> PROBLEM DESCRIPTION
Reproduce everything from the line that contains "Brinquedo Camião em madeira da marca Legner" down to the line that contains "Crazy Irish lady" in the listing below, word for word and nothing more. Leave the pictures out.

> GIVEN INFORMATION
* * * * *

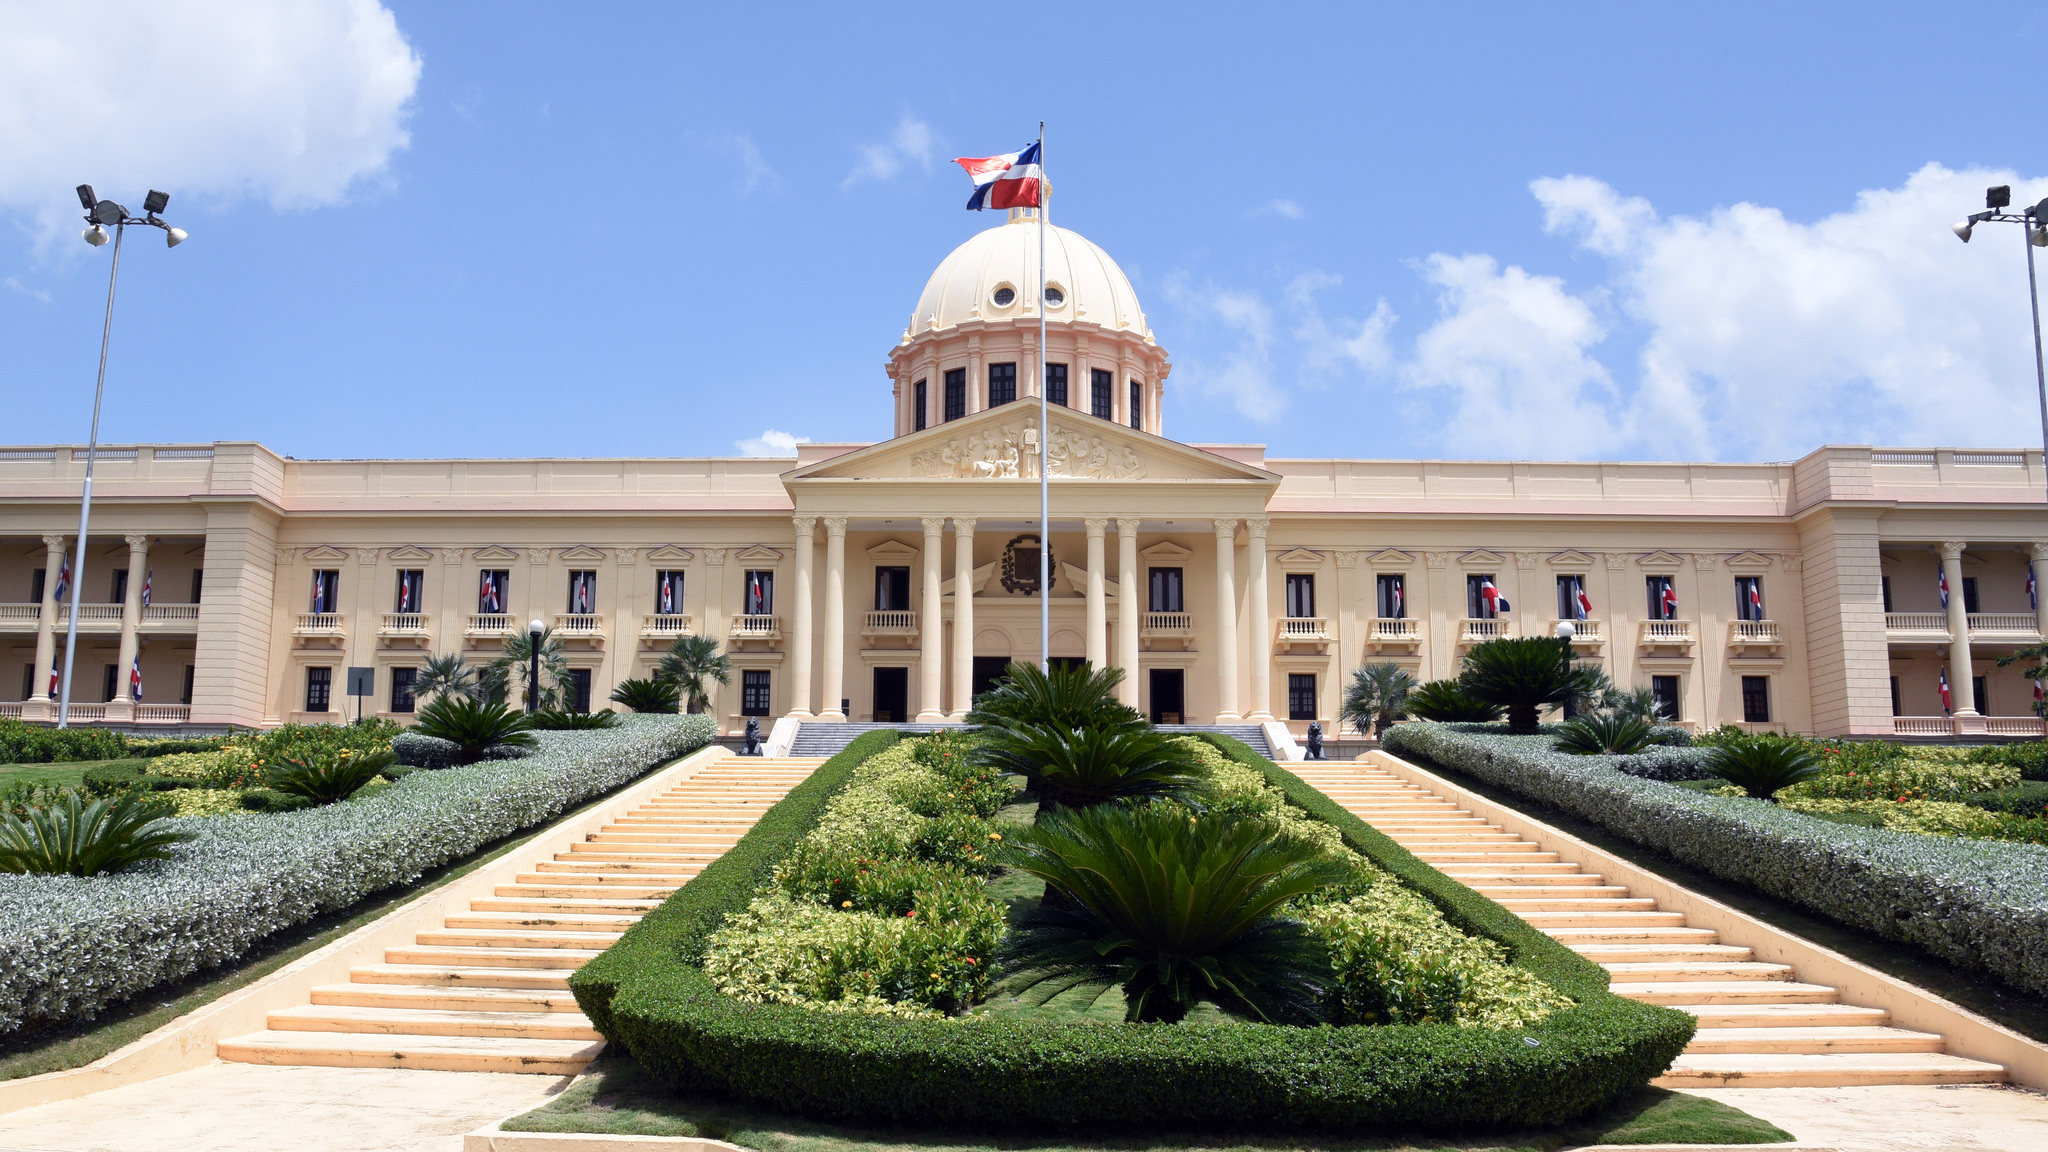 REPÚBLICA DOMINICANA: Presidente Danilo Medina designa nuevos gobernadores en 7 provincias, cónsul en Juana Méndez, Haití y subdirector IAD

* * * * *

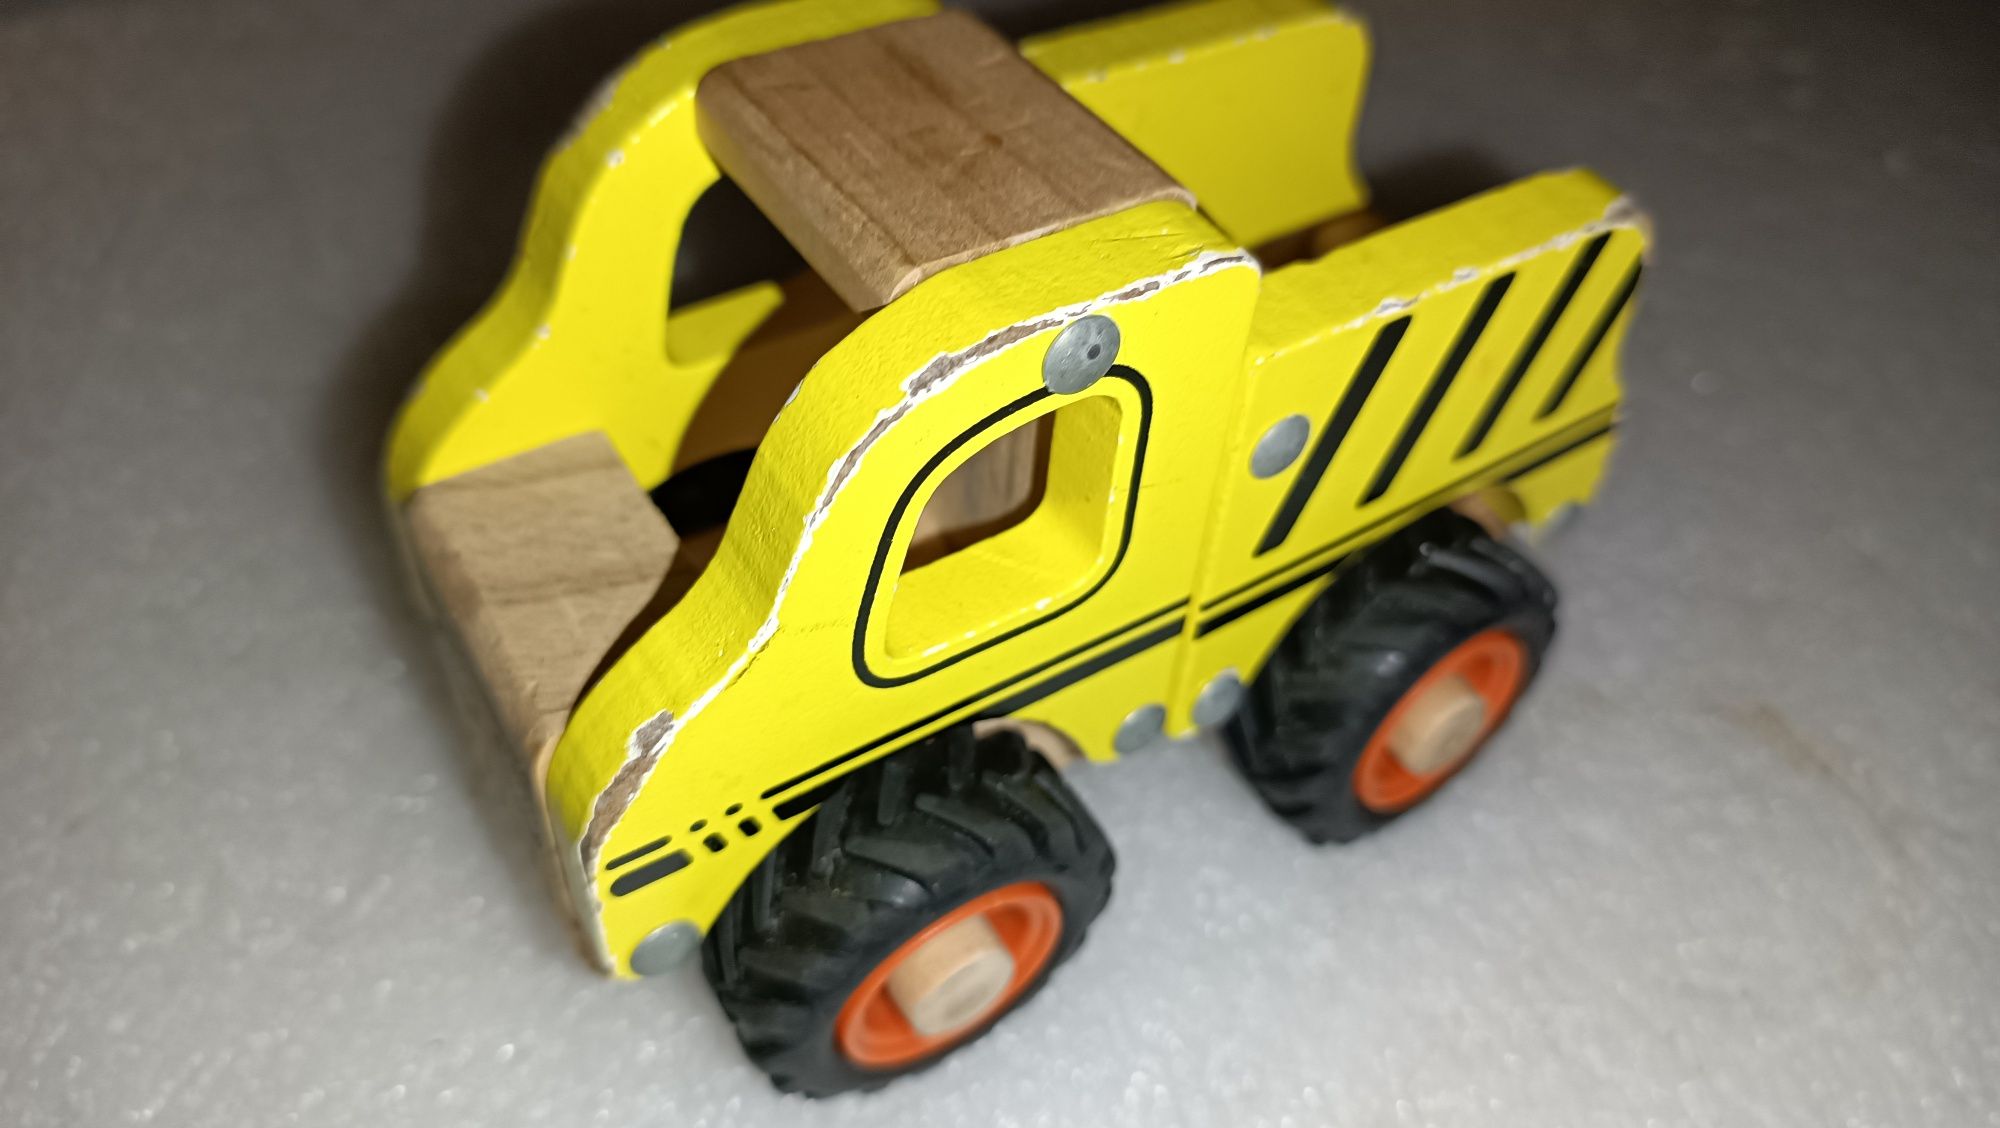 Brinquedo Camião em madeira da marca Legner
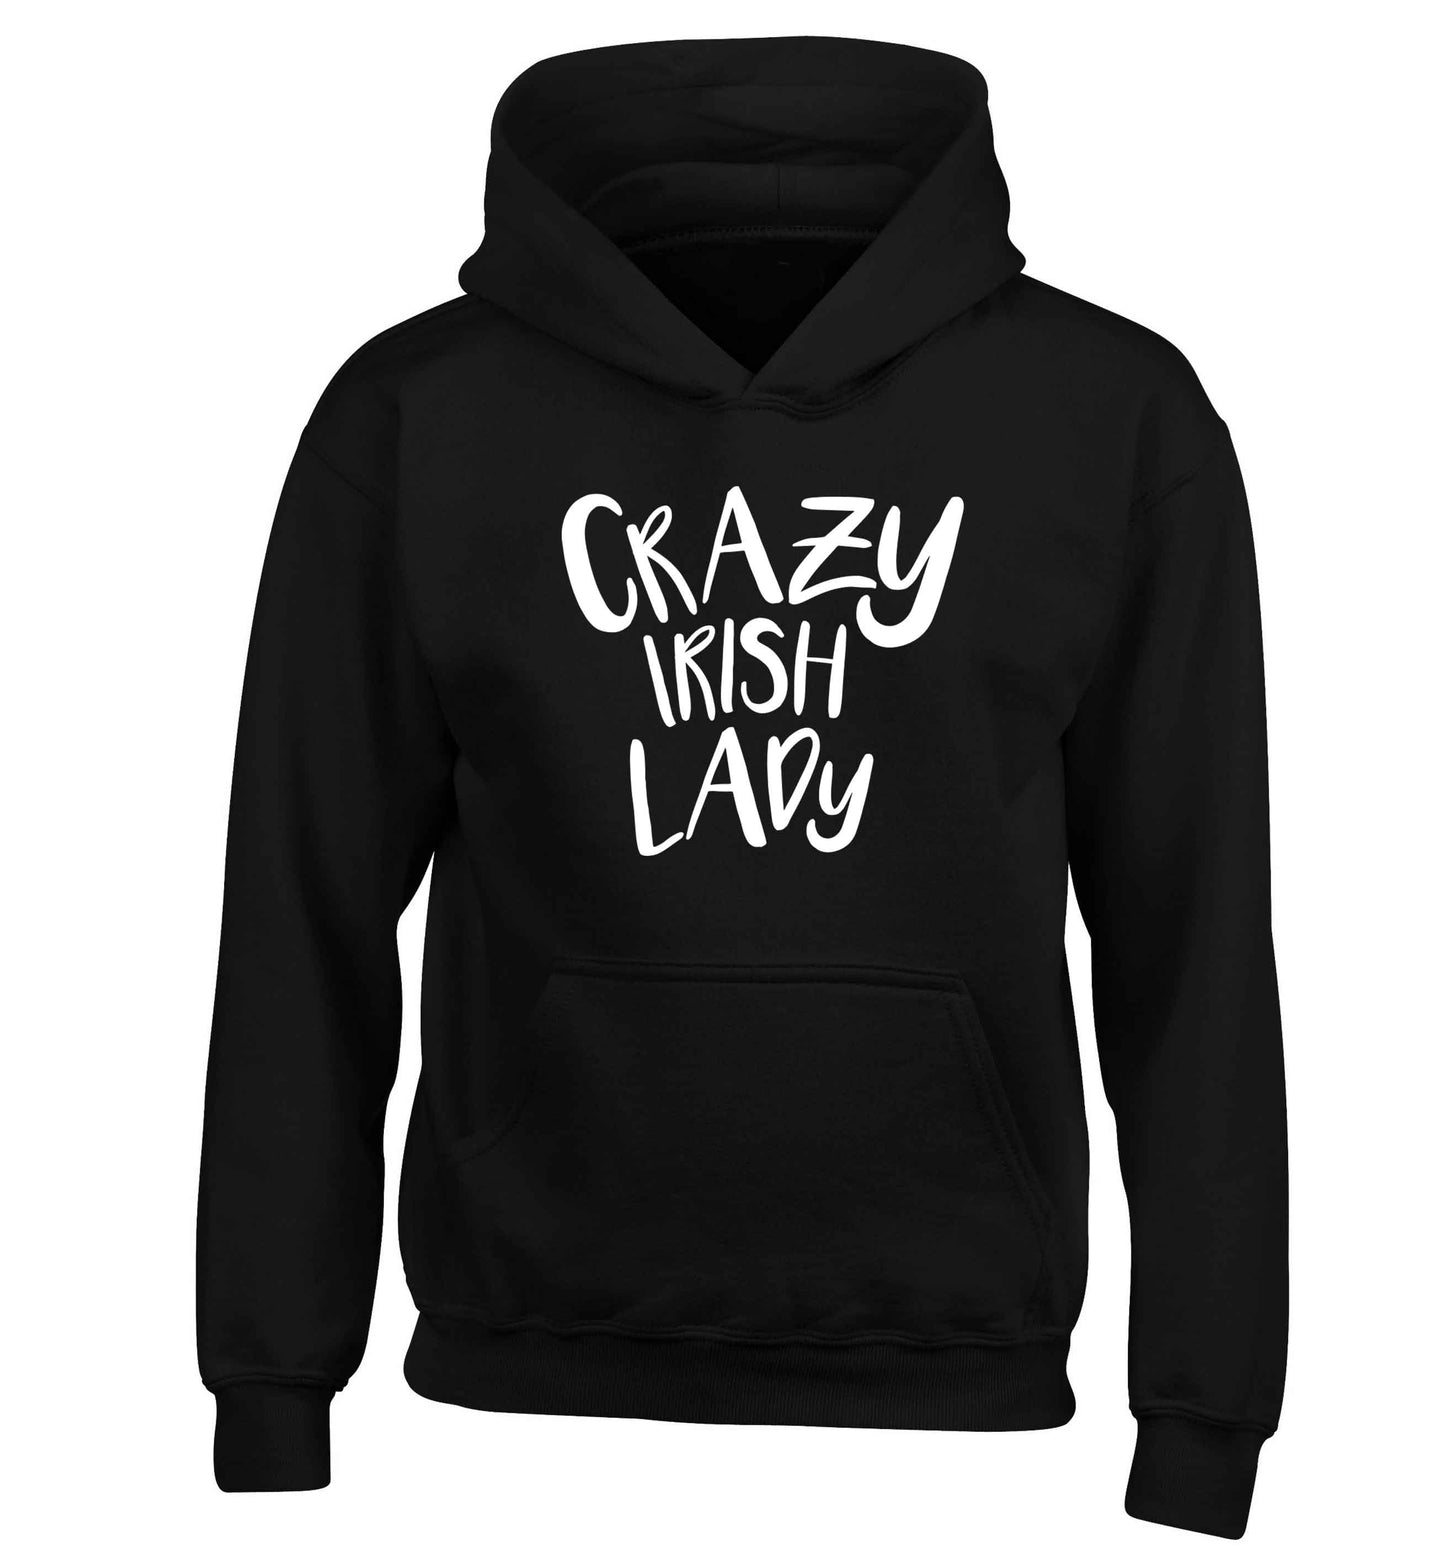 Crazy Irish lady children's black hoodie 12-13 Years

* * * * *

> RESPONSE TO THIS TASK
 Brinquedo Camião em madeira da marca Legner
 Crazy Irish lady children's black hoodie 12-13 Years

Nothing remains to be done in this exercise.